Unless Markdown doesn’t work, I always save pages like this (mostly text) as Markdown to make the file smaller AND I can control the reading font size.

Attached are all the files zipped up.

Archive.zip (2.3 MB)

1 Like

DEVONthink doesn’t change fonts on its own if clutter-free is disabled, that’s completely handled by the WebKit and the web site. And especially In case of single-page PDFs the size depends also on the zoom.

Anyway, does the hidden preference DisablePreprocessedClipping improve the results?

Thanks … I’ll let @Mitch_Wagner and @jeffvogelsang pick up any more testing from here. I’m happy with Markdown for these sorts of pages, and I’m ok with getting inconsistencies in PDFs from web pages that are “all over the place” on how they render. I was just curious about the assertions, and my testing shows that I’m still not bothered, but thought I would report it to save time.

2 Likes

I am impressed by @rmschne’s thorough testing here, and grateful. Thank you!

Another problem page:

Clipping with clutter-free unchecked looks fine. Font’s a little small but zooming solves that problem, so I have no complaints.

Clipping with clutter-free checked results in the problem I described above: Fonts are too small, and lines are so wide that if I zoom the page to readable size, the lines extend well past the edge of my display, so the page is STILL unreadable.

Trying again, with clutter-free checked and “automatically resize” unchecked: The resulting page looks the same, to my eye, as the clutter-free unchecked version—which is fine, actually, because that page just doesn’t have much clutter on it.

Later, I’ll try another test on a site with more advertising on it.

Thanks!

Another test, with a Wall Street Journal article. This one is an excellent test here—it shows PRECISELY the problem I’ve been discussing, and it’s on an important site too:

When clipped with clutter-free checked, the font is too small to read, and zooming results in line widths too wide to read. Either way, unreadable!

As before, when clutter-free is unchecked, it’s usable.

Here are my settings:

And another:

https://blogs.oracle.com/cloud-infrastructure/post/announcing-oracle-database-service-for-microsoft-azure

When clipped with clutter-free on, I actually got a blank page—just a headline and link .

Second try, clutter-free on: Font too small, zooming font results in line length too wide. Unreadable.

Clipped with clutter-free off is readable if I zoom the text. However, the lines go from edge-to-edge—so that’s barely a fit.
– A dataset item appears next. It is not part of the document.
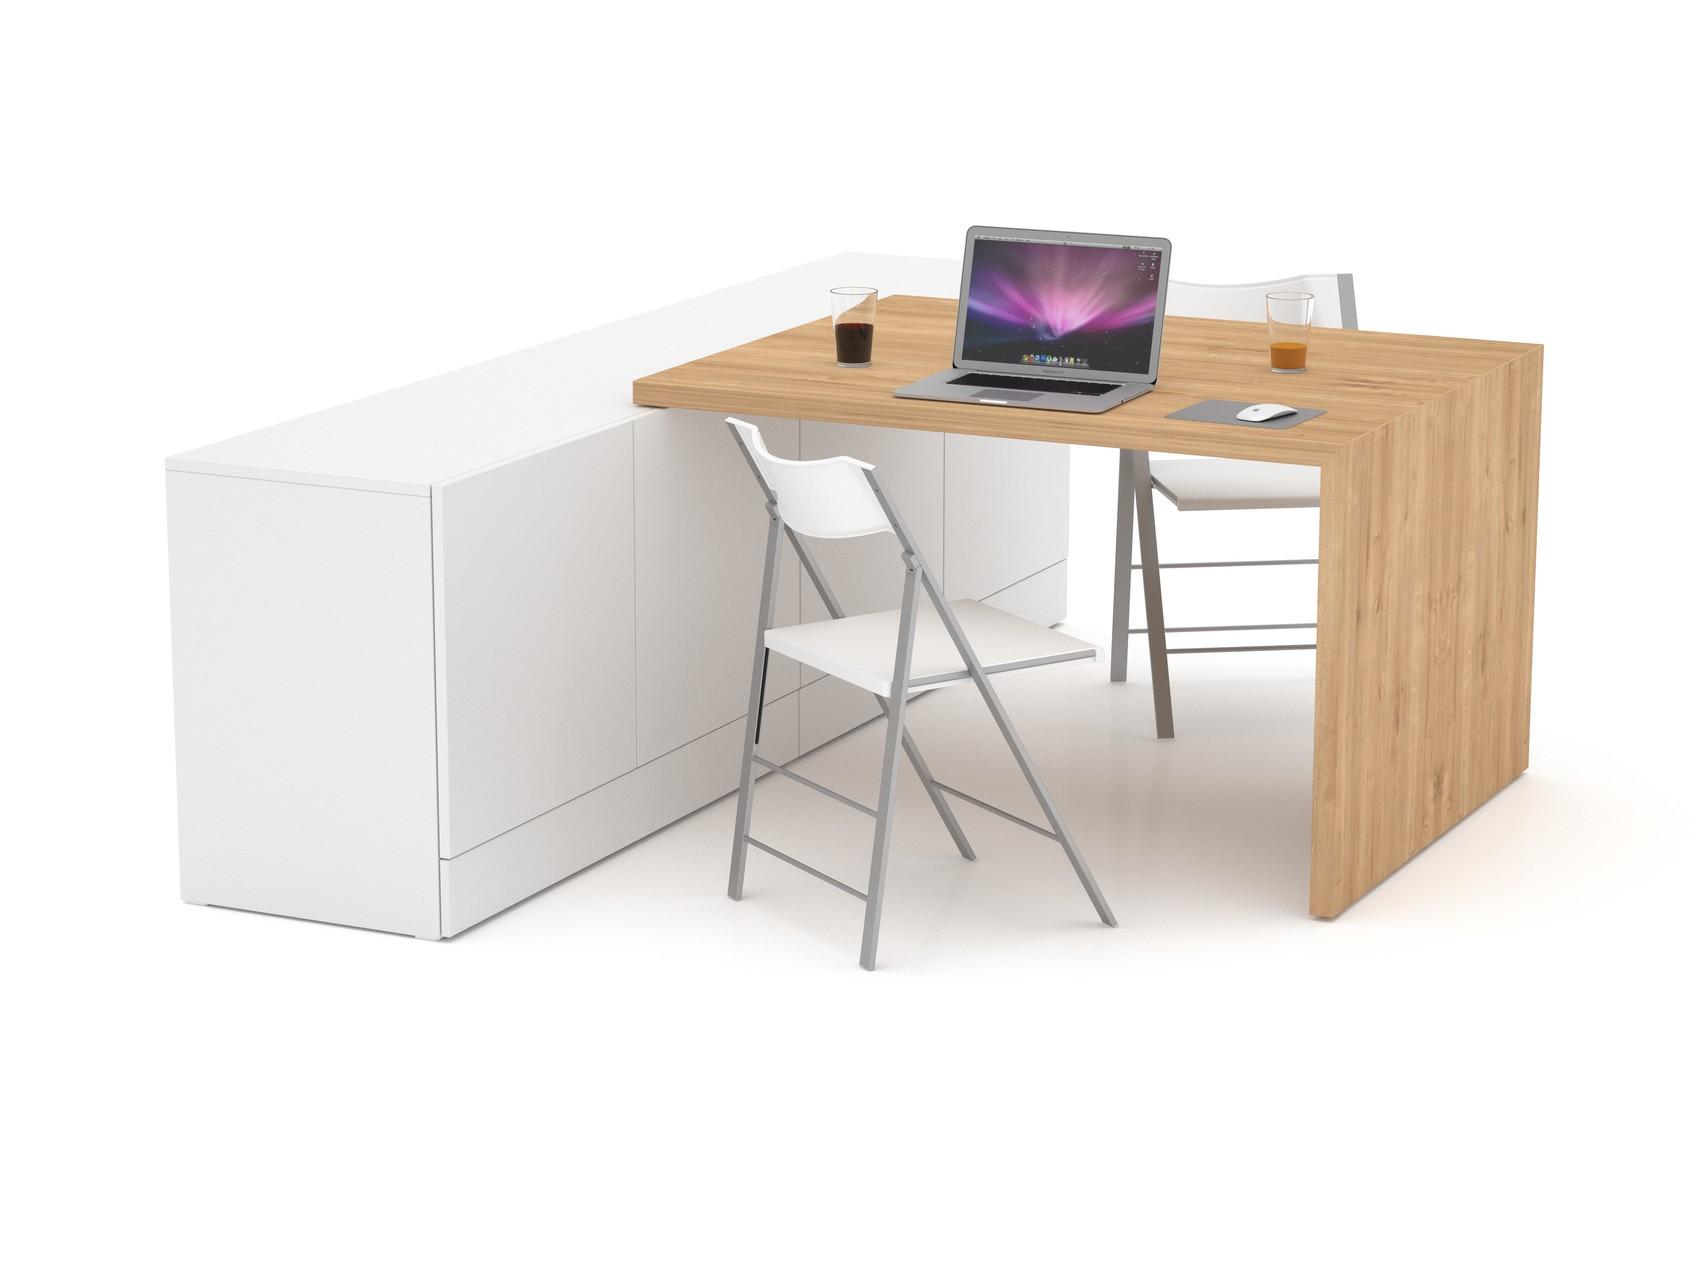 startseite multifunktionsm bel. Black Bedroom Furniture Sets. Home Design Ideas

all that is being demonstrated is that the internet is a wild place. :wink:

2 Likes

For PDF single-page with clutter-free ticked, and “automatically resize” turned off in Settings, I still get wide PDFs that spill off the right side of the viewer inside DT. In the clipper, when I press Preview, I get exactly what I want.
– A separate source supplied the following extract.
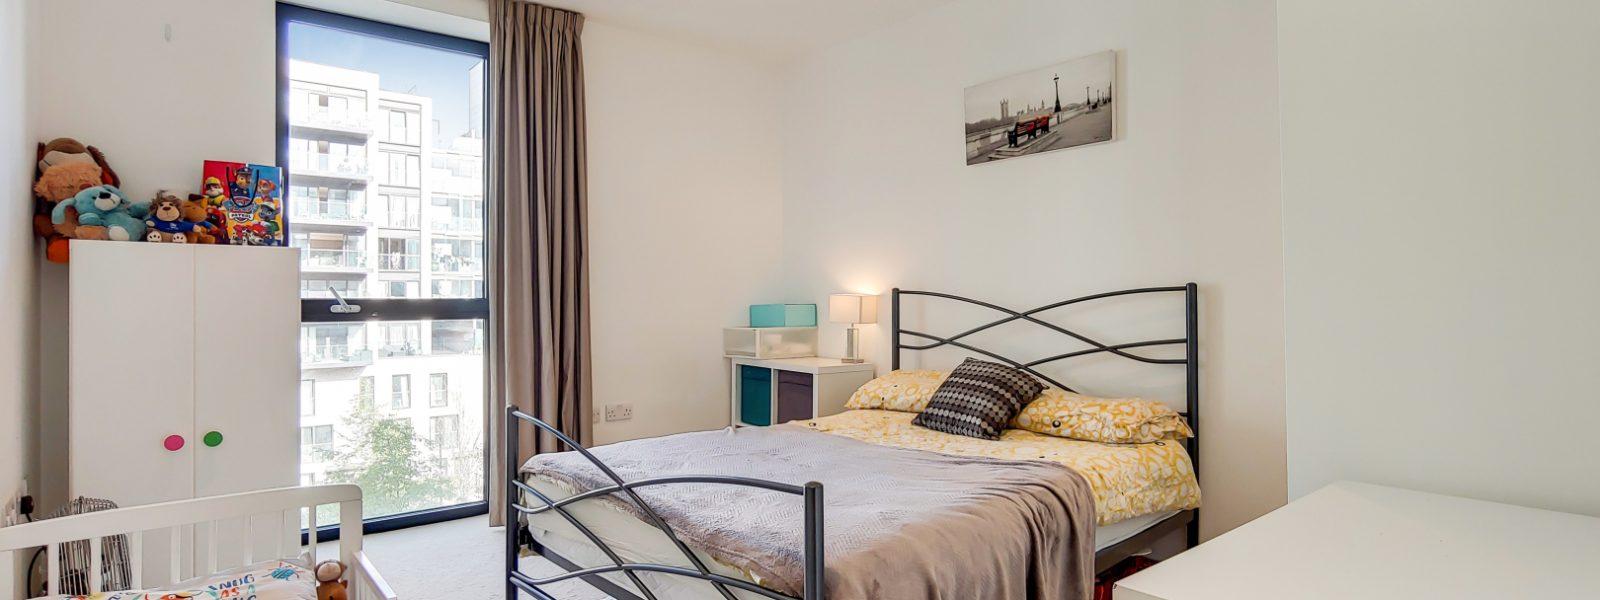 6_Bedroom 2-0

Turns out the default width is 1920pt, so I just set the PDF Clipping Width to 600 (instead of automatic) and got what I wanted.

and “automatically resize” turned off in Settings

This is unrelated to the width of a clipping.

Also…

The pixel width used is in the title.

Please provide a problematic URL as it’s clear this isn’t a global issue.

Can’t provide links in my post for some reason. Check out www_asktheheadhunter_com/resume-blasphemy

If you try it with no clipping width set vs. 600 pt, you get either a 1920pt wide PDF or a 600pt wide PDF.

612pt is width for 8.5"x11" so I’m cool with that.

Are you getting a mostly blank PDF when setting it to 600 or 612 points?